===== DATA SHOWN =====

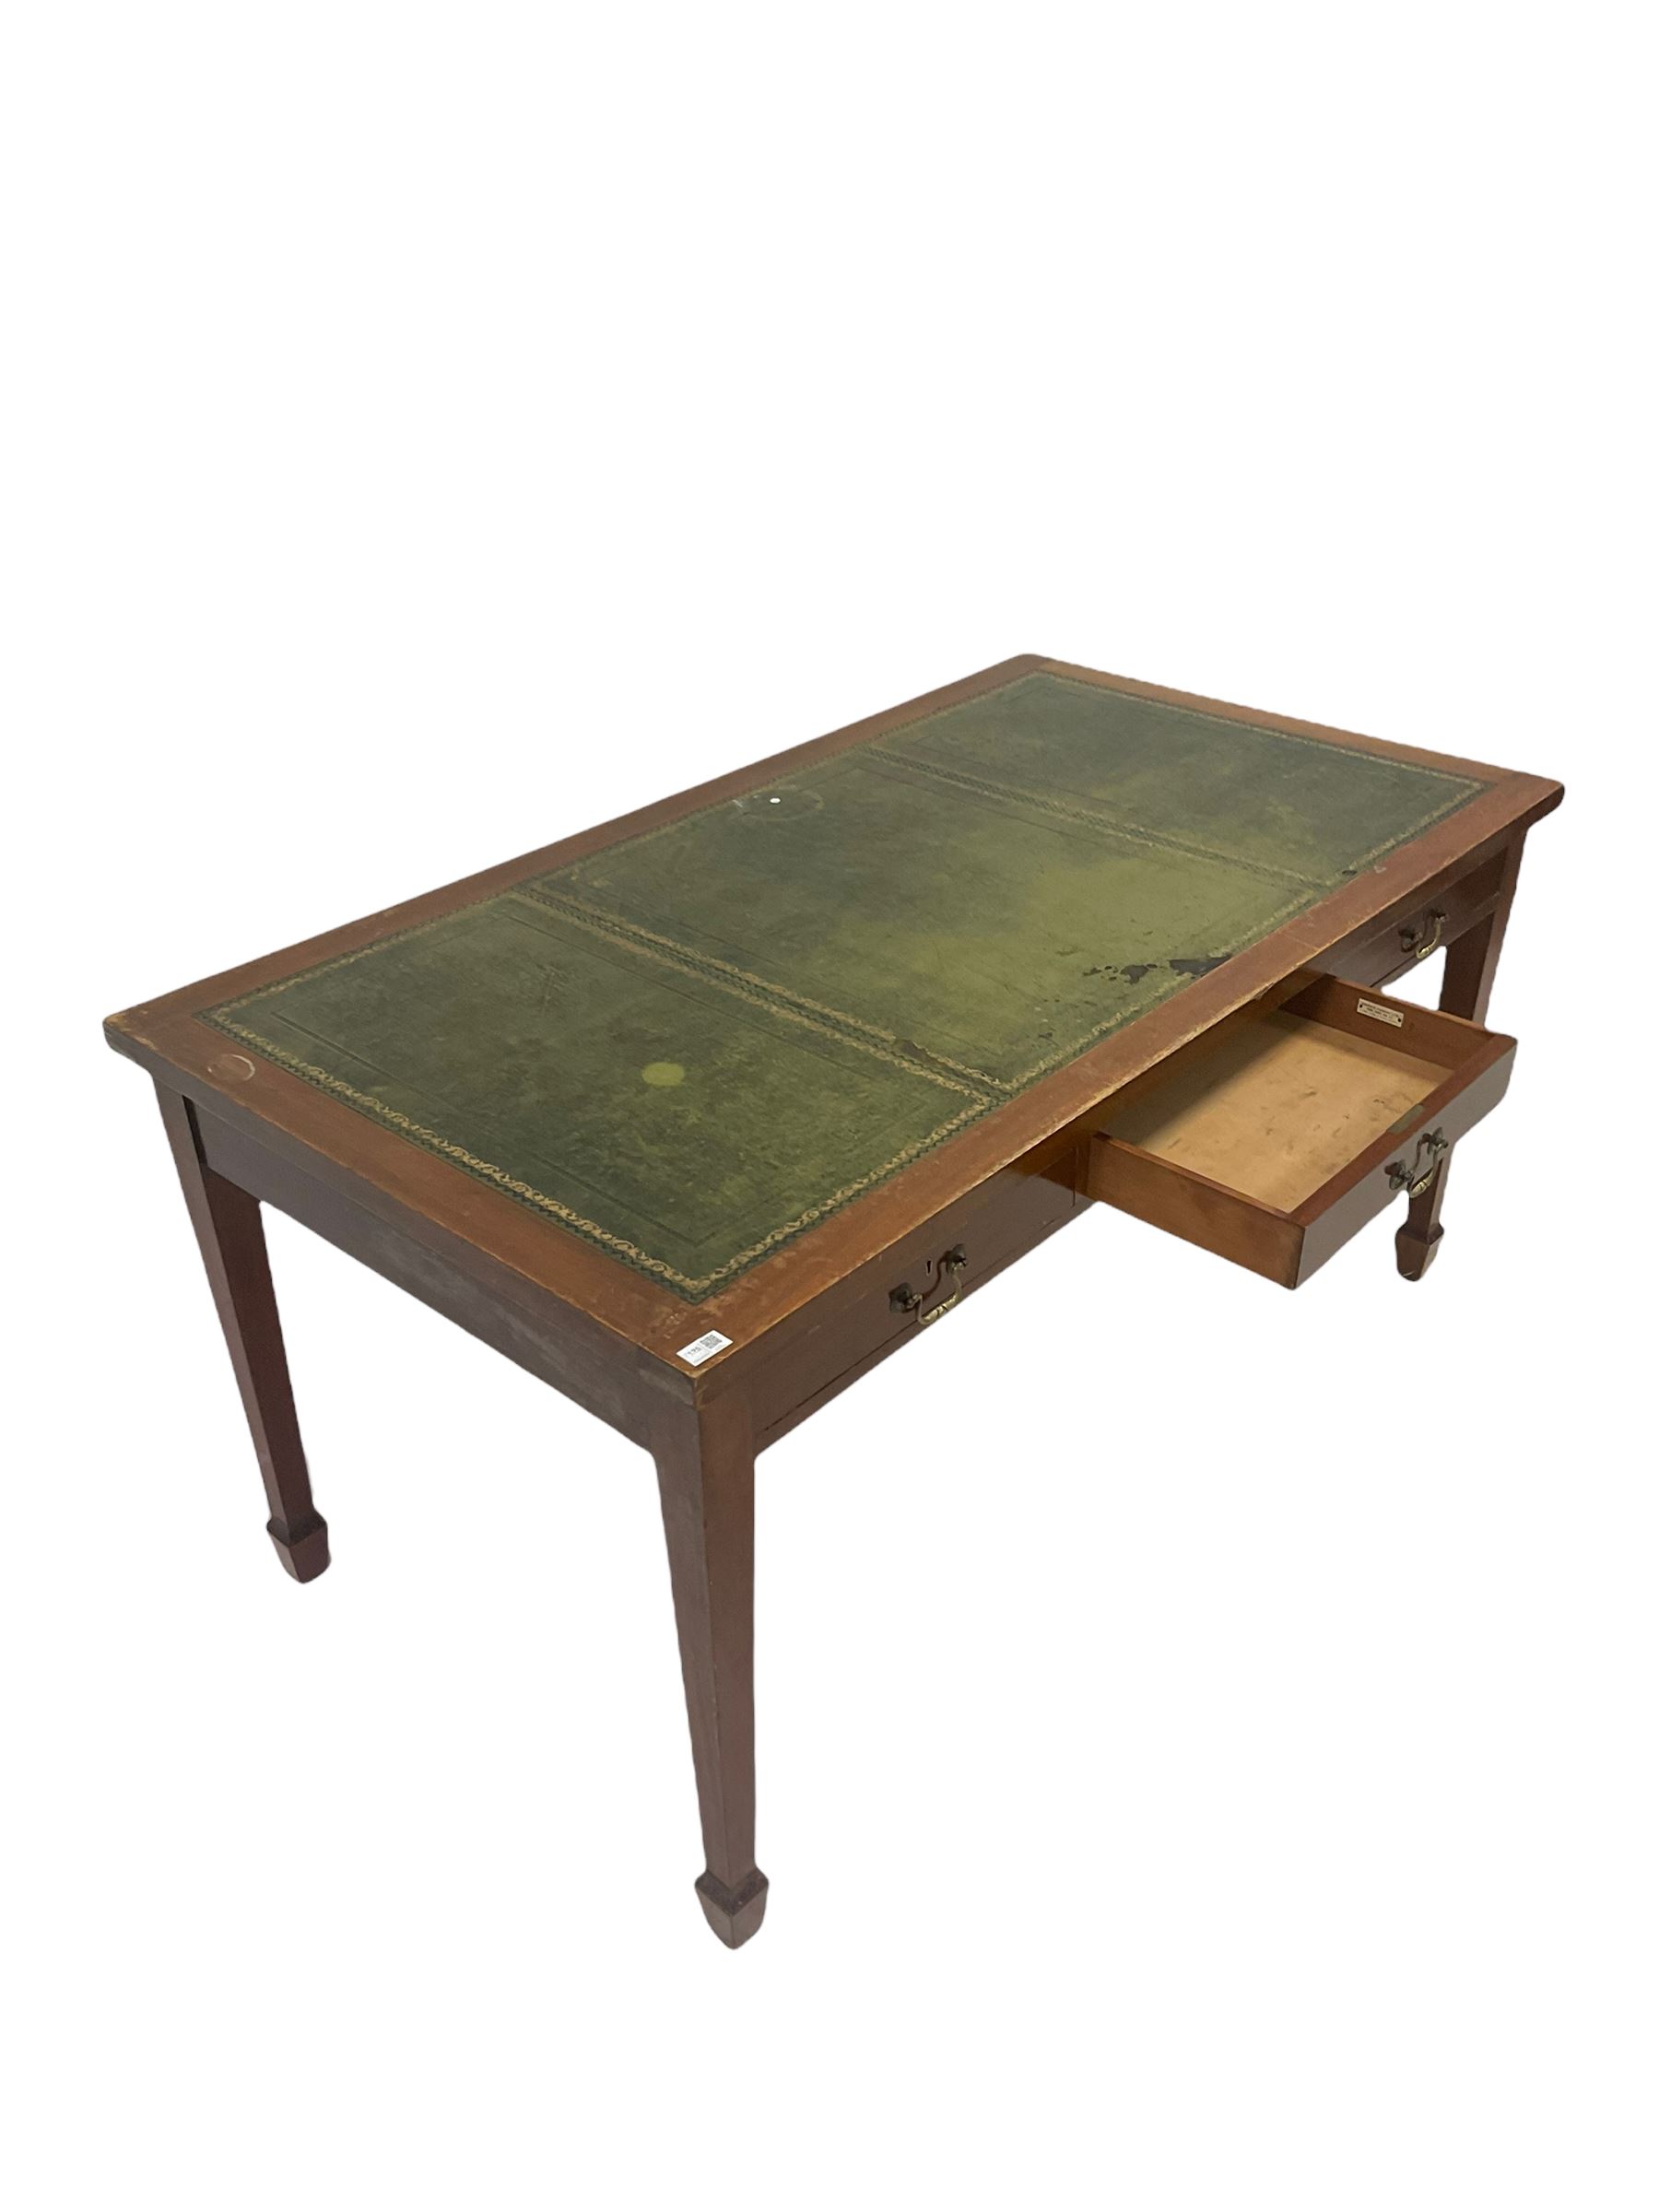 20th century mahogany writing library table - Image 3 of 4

=====
===== DATA SHOWN =====

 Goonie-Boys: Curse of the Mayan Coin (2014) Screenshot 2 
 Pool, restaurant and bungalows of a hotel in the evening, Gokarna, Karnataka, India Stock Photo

=====

Return word for word the lines above from the line with "Goonie-Boys: Curse of" to the line with "Pool, restaurant and", including both and leaving out all others.

• _SOLUTION TO THIS TASK_
 Goonie-Boys: Curse of the Mayan Coin (2014) Screenshot 2 
 Pool, restaurant and bungalows of a hotel in the evening, Gokarna, Karnataka, India Stock Photo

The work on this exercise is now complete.